Tessera: Secure, Near-Line-Rate Weight Streaming for UMA Edge Accelerators

Deploying proprietary Deep Neural Networks (DNNs) on commodity edge devices demands hardware-backed Digital Rights Management (DRM) capable of withstanding both software-level and physical adversaries. In Unified Memory Architecture (UMA) systems, the host CPU and Neural Processing Unit (NPU) share physical DRAM, leaving plaintext model weights directly readable by a compromised OS kernel. Existing defenses fail in this constrained setting: trusted execution environments monopolize scarce memory with permanently reserved regions, while full-memory encryption operates at page granularity. This forces the system to fetch massive 4 KB memory pages for sub-page tensor tiles, severely crippling bandwidth. We present Tessera, a reference architecture for inline, cache-line granularity weight decryption on UMA edge accelerators. The design intercepts 64-byte AXI bursts, computing AES-256-CTR keystreams in parallel with DRAM fetches.

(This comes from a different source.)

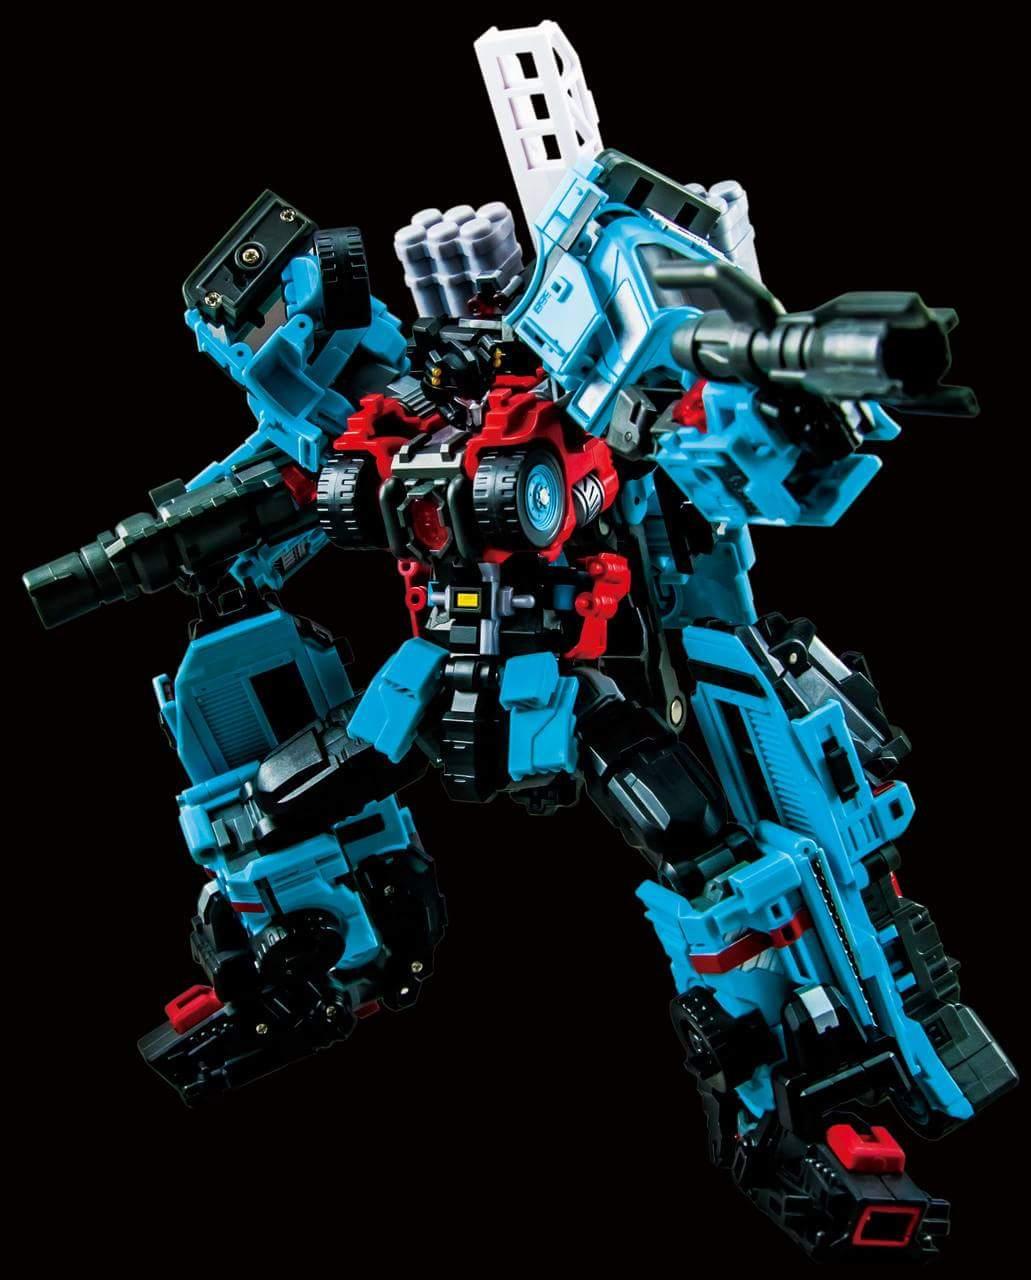 [MakeToys] Produit Tiers - Jouet MTCM-04 Guardia (aka Protectobots - Defensor/Defenso) - Page 4 PVYE0fze

This streams plaintext directly into isolated NPU SRAM, creating a transient memory footprint confined to the active tile and eliminating the need for permanent memory carve-outs. Measurements across three distinct SoC platforms demonstrate that this parallelization hides cryptographic latency behind standard DRAM fetch times, a condition that holds even under worst-case timing variations. Consequently, Tessera is projected to achieve 98.4\% of the theoretical memory bandwidth ceiling (a mere 1.6\% overhead). Across standard vision and language models, page-level memory encryption suffers up to a 32x bandwidth penalty, whereas Tessera maintains an optimal 1x footprint for all layer geometries. Finally, Tessera neutralizes major UMA-specific attack vectors -- including physical DRAM extraction, rogue DMA, and compute hijacking -- and formally prevents plaintext leakage across sparse tensors.